To design the lowest level instructions, I need to know the hardware involved... and I have spent months going back and forth on different architectural questions brought up while working on an instruction set. In many cases, I settled on a design and proceeded only to discover a painful inefficiency that that design was going to bring to the code.

This instruction set is based on a three-bus design. There are two data buses that the devices can read from and write to, and one small address bus that feeds system memory. Why two data buses? The ALU has two inputs and one output, with each of the data buses acting as an input and results being stored to an internal Accumulator. This means flags are updated right away when performing ALU functions, but accessing the results can be delayed to the next cycle.

 

ALU Examples:

The simplest operation involves two registers, in this case the A and X-registers. They are set to output on their respective buses, and the ALU performs the operation. The results can be output to the "A" bus on a subsequent cycle.

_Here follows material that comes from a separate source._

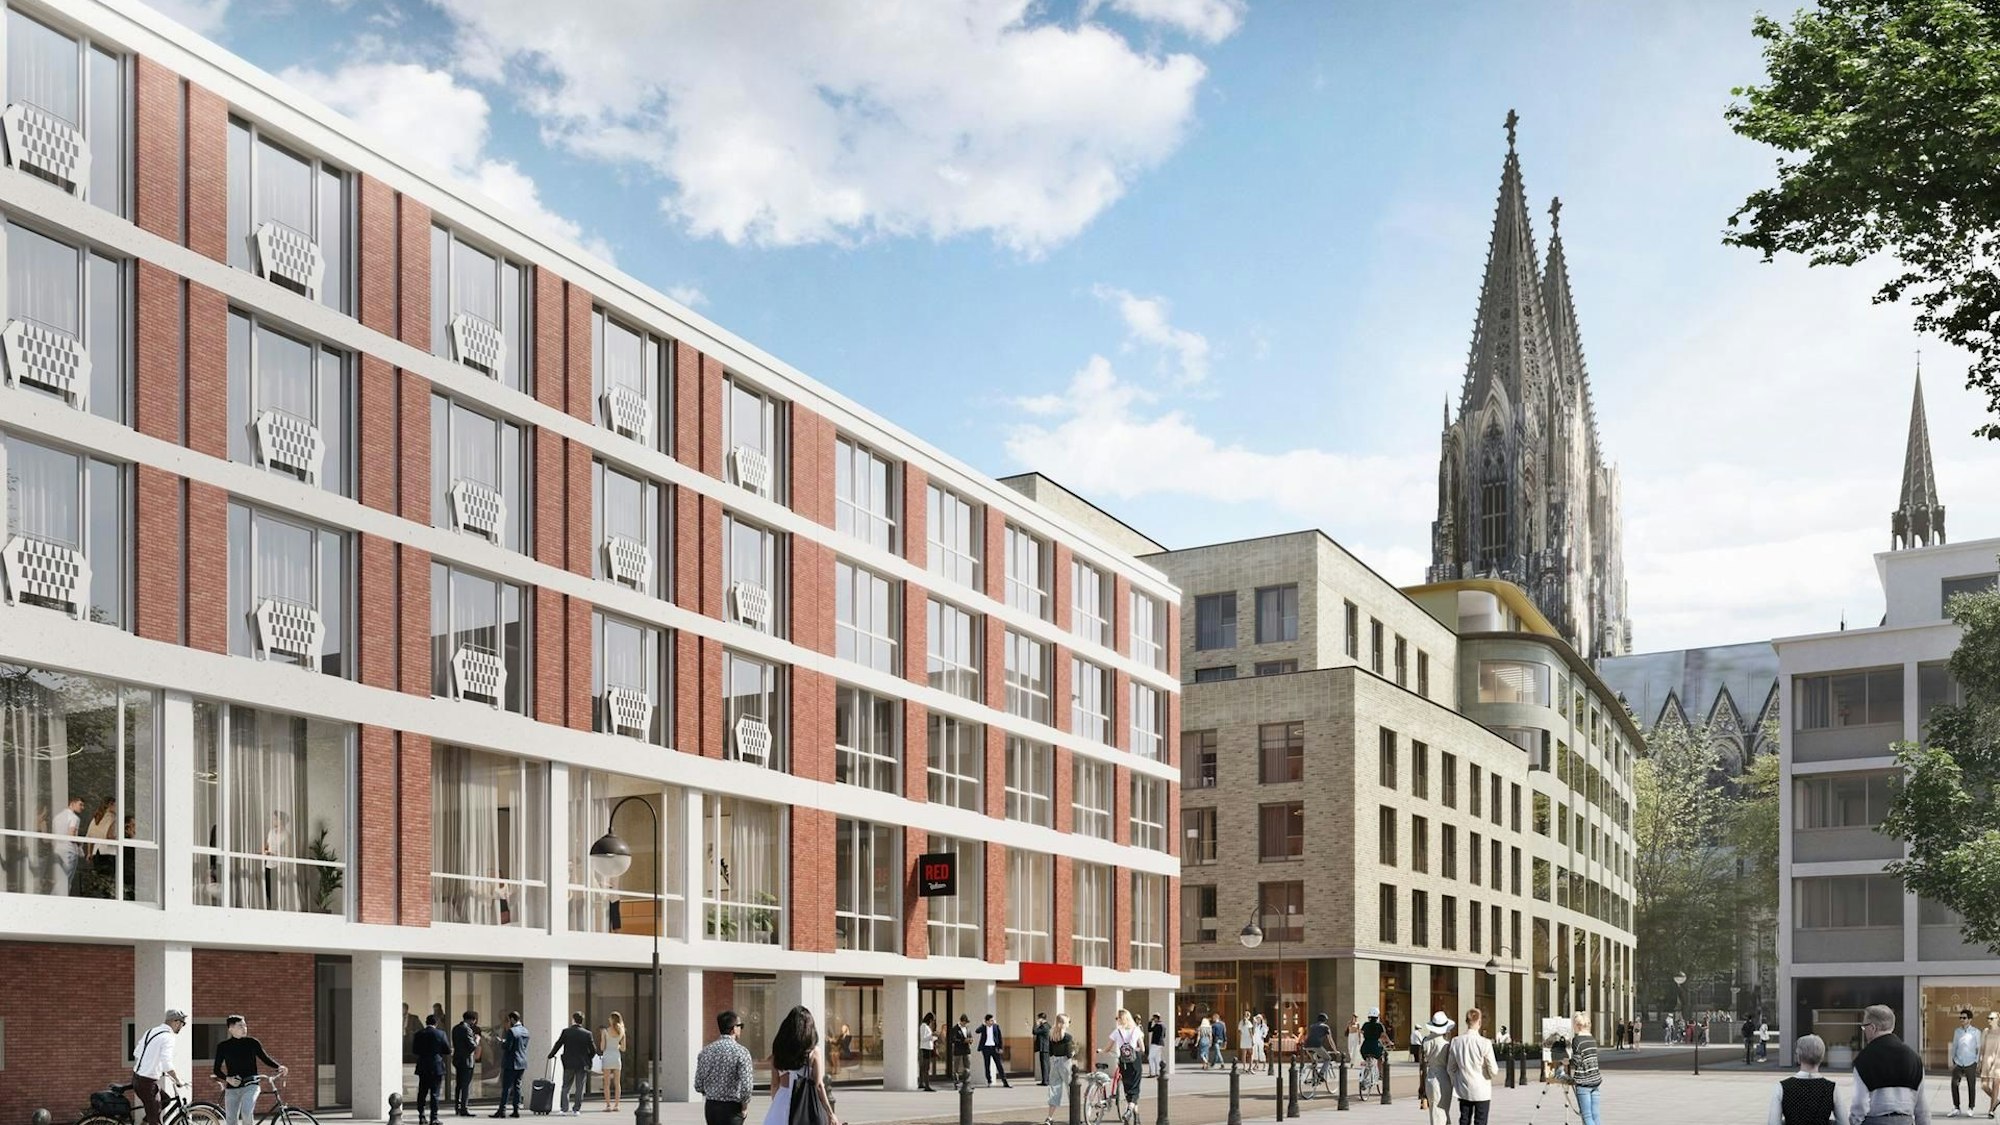 Die Visualisierung zeigt den Blick auf das Neubauprojekt Laurenz-Carré, im Hintergrund ist der Kölner Dom zu sehen.

When adding an immediate value, that value follows the instruction in main memory. Because we increment the PC after fetching an instruction, it should already be pointing at the location, so (much like the register - register example above) we can output memory to the "B" bus while "Y" outputs to the "A" bus. As before, the results are stored in the Accumulator.





When an absolute address is involved, an extra step is required. In this case, the value following the instruction (addressed via the PC) is output to a data bus and loaded into the Memory Data Register. On the next cycle, memory located at the MDR, is output to the "B" bus and used by the ALU as in the previous examples.


 

When an indirect or relative address is required, the ALU may need to calculate an address and then move it from the Accumulator to the MDR instead.
 

Jump Examples:

When a jump or branch occurs, the contents of the PC are updated. In this example, a relative jump is performed, requiring the new address to be calculated. In reality this would mainly be for relocatable code, but similar functionality could be used with the Memory Data Register to loop through arrays in memory.

The first step for a relative jump is to calculate the new address by adding the current address (from the PC) with an offset (from the instruction). The Instruction Register is masked so that when it outputs to a data bus, only the low 8-bits are available. In this example, the address offset is -13 in decimal.

 

The second step involves updating the PC with the calculated address.